In a second possible implementation manner, with reference to the first possible implementation manner, the detecting a positional deviation of the ith clamping mechanism from the jth printing mechanism includes: when the first clamping mechanism is positioned at a printing station of the j-th printing mechanism, adjusting a fixed position of a first end of the dimension measuring mechanism on the j-th printing mechanism, enabling a second end of the dimension measuring mechanism to be in contact with a target position on the first clamping mechanism, enabling a first deviation distance between the j-th printing mechanism and the first clamping mechanism detected by the dimension measuring mechanism to be zero, and taking the first deviation distance as a position deviation between the j-th printing mechanism and the first clamping mechanism; when the ith clamping mechanism is positioned at the printing station of the jth printing mechanism, the second end of the dimension measuring mechanism is contacted with a target position on the ith clamping mechanism, so that the ith deviation distance between the jth printing mechanism and the ith clamping mechanism is detected through the dimension measuring mechanism, and the jth deviation distance is used as the position deviation between the jth printing mechanism and the ith clamping mechanism, wherein i is more than 1 and less than or equal to M, and M is more than or equal to 2.
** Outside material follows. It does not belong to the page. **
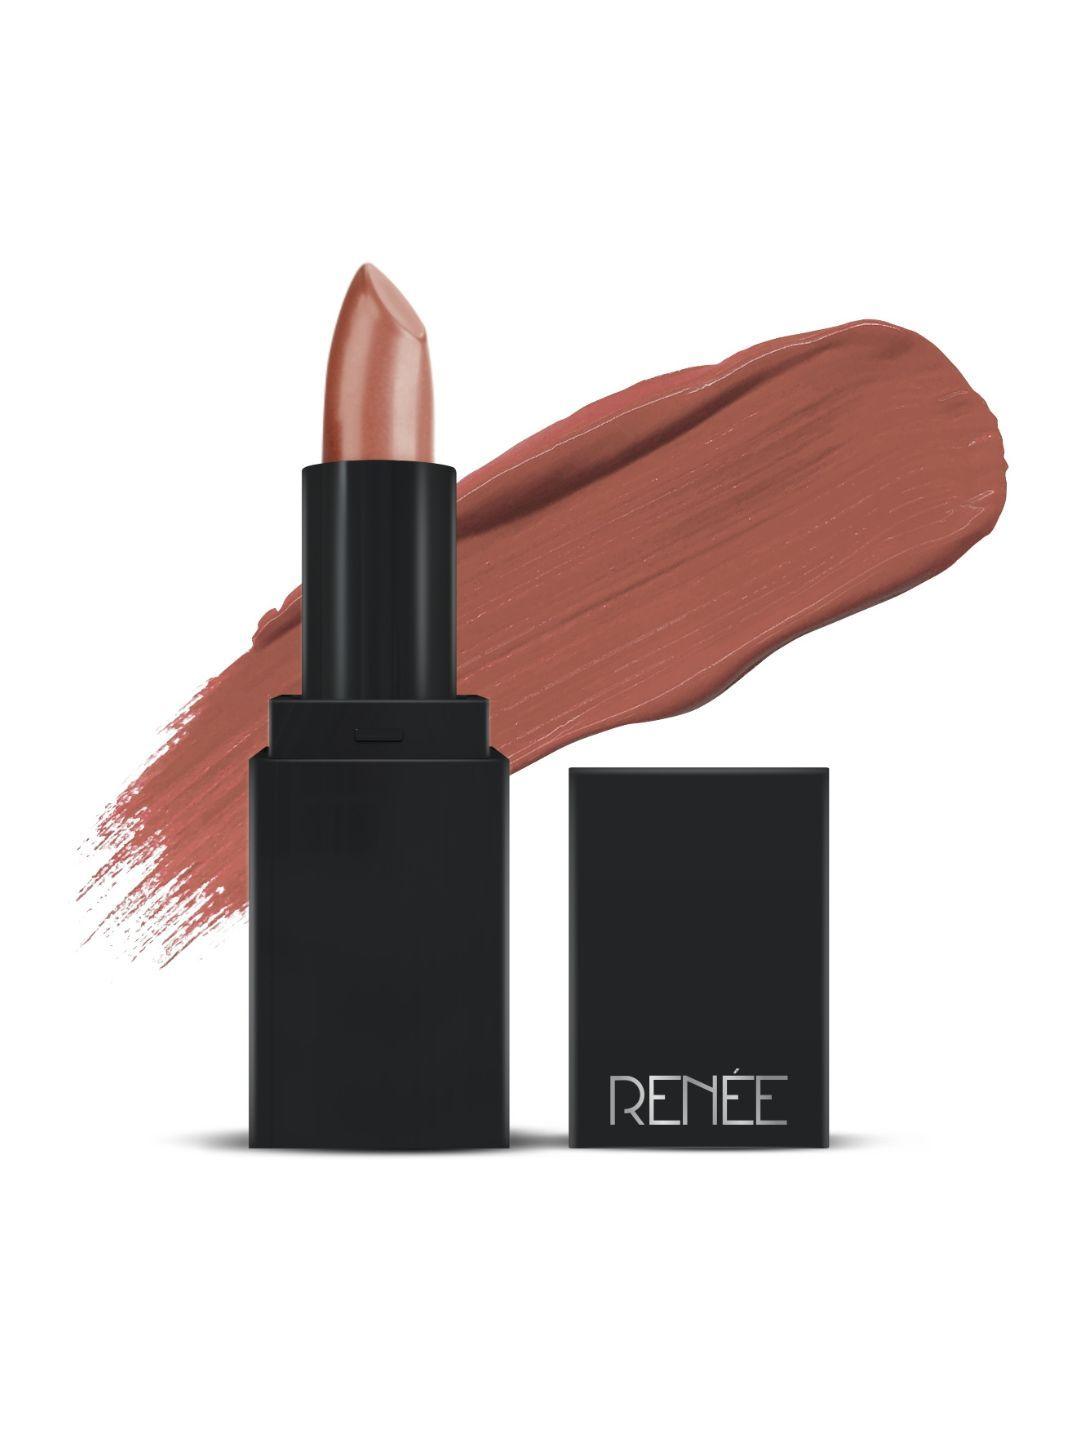 renee creme mini lipstick  1.65g - mood for nude

In a third possible implementation manner, with reference to the second possible implementation manner, the adjusting a relative position of the printing plate in the j-th printing mechanism and the i-th clamping mechanism includes: controlling the printing plates in the j-th printing mechanism to move the i-th deviation distance relative to the i-th clamping mechanism.

In a fourth possible implementation manner, with reference to the first aspect or any possible implementation manner of the first aspect, the adjusting a relative position of a printing plate in the j-th printing mechanism and the i-th clamping mechanism includes: and adjusting the relative positions of the printing plates in the j-th printing mechanism and the i-th clamping mechanism along the relative movement direction of the i-th clamping mechanism and the j-th printing mechanism.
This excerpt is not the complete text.